All three verses, further information and audio of Mr Brautigan reading his poem can be found at

http://www.brautigan.net/machines.html

CSIRAC, a real-life Australian digital dinosaur, that stomped the earth from 1949 to 1964, and is the only intact but dormant (hopefully!) first generation computer left anywhere in the world, can be viewed on the lower ground floor of the Melbourne Museum.

(and yes, this computer was used for statistical analyses, as well as other activities, such as composing electronic music)

http://museumvictoria.com.au/csirac/

SecretSource: of Minitab and Dataviz

When the goers go and the stayers stay, when shirts loosen and tattoos glisten, it’s time for the statisticians and the miners and the data scientists to talk, and walk, Big Iron.

R. S-Plus. SAS. Tableau. Stata. GnuPlot. Mondrian. DataDesk. Minitab.   MINITAB?????? Okay, we’ll leave the others to get back to their arm wrasslin’, but if you want to produce high quality graphs, simply, readily and quickly, then Minitab could be for you.

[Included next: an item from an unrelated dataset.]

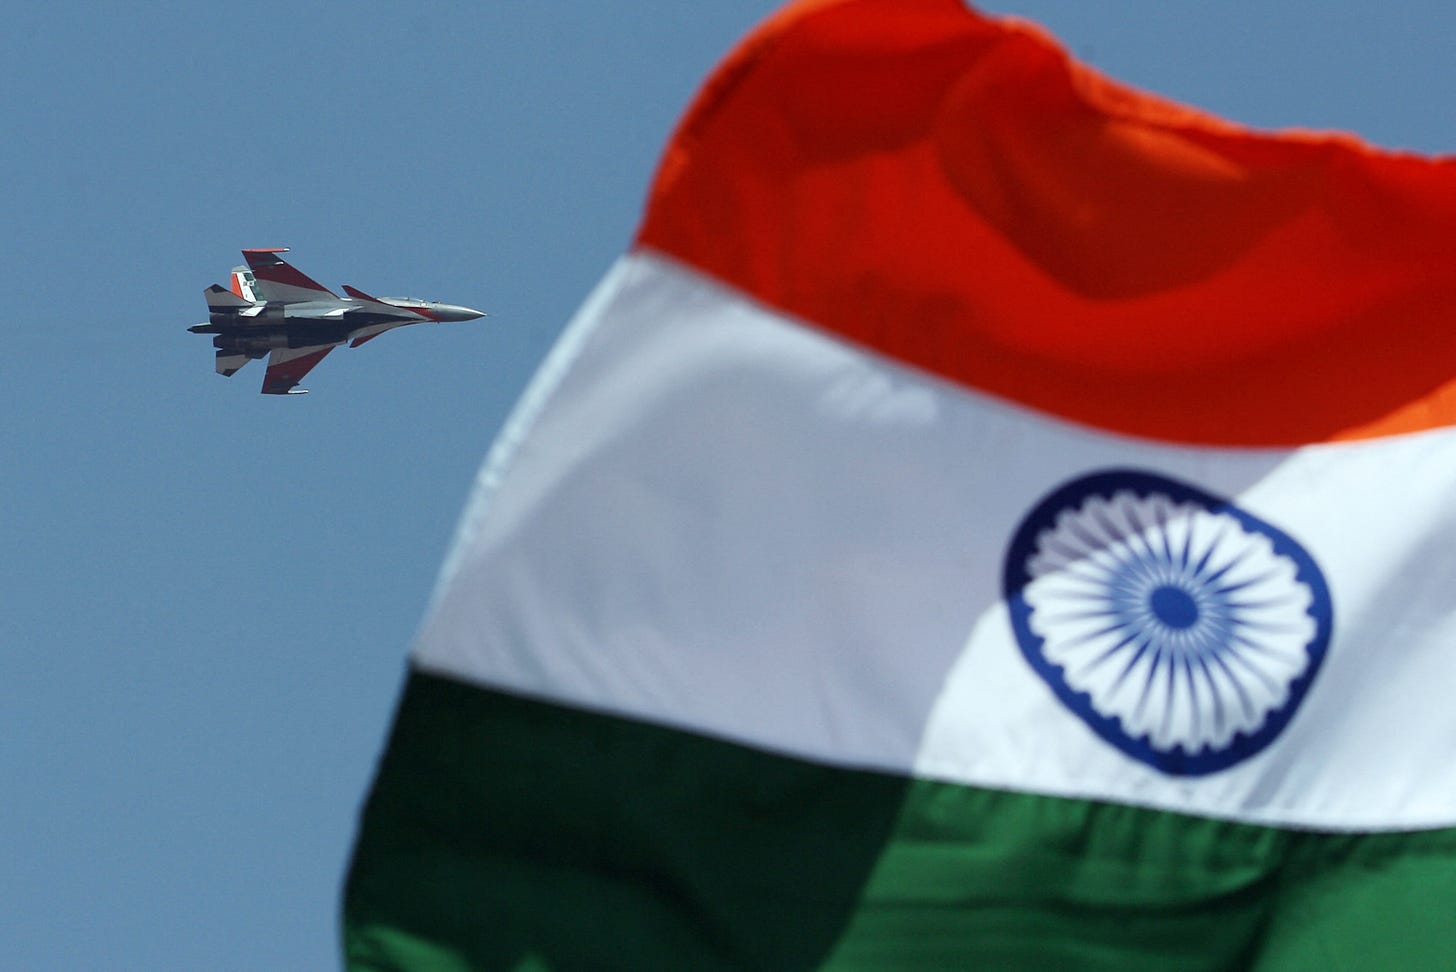 An Indian Air Force flies past an Indian flag in Bangalore, India.

A commercialized version of Omnitab, Minitab appeared in Philadelphia in 1972 and has long been associated with students learning stats, but also now with business, industrial and medical/health quality management and six sigma, etc. There’s some  other real ‘rough and tumble’ applications involving Minitab – DR Helsell’s ‘Statistics for Censored Environmental Data using Minitab and R’ (Wiley 2012), for instance.

IBM SPSS and Microsoft Excel can produce good graphs (‘good’ in the ‘good sense’ of John Tukey , Edward Tufte, William Cleveland, Howard Wainer, Stephen Few & Nathan Yau etc etc), with the soft pedal down and ‘caution switches’ on, but Minitab is probably going to be easier.

For example, the Statistical Consulting Centre at the University of Melbourne uses Minitab for most of its graphs (R for the trickiest ones). As well as general short courses on Minitab, R, SPSS and GenStat there’s a one day course in Minitab graphics in November, which I’ve done and can recommend.

More details on the Producing Excellent Graphics Simply (PEGS) course using Minitab at Melbourne are at

http://www.scc.ms.unimelb.edu.au/pegs.html

student and academic pricing for Minitab is at http://onthehub.com/

What, I wonder, would Florence Nightingale have used for graphic software if she was alive today???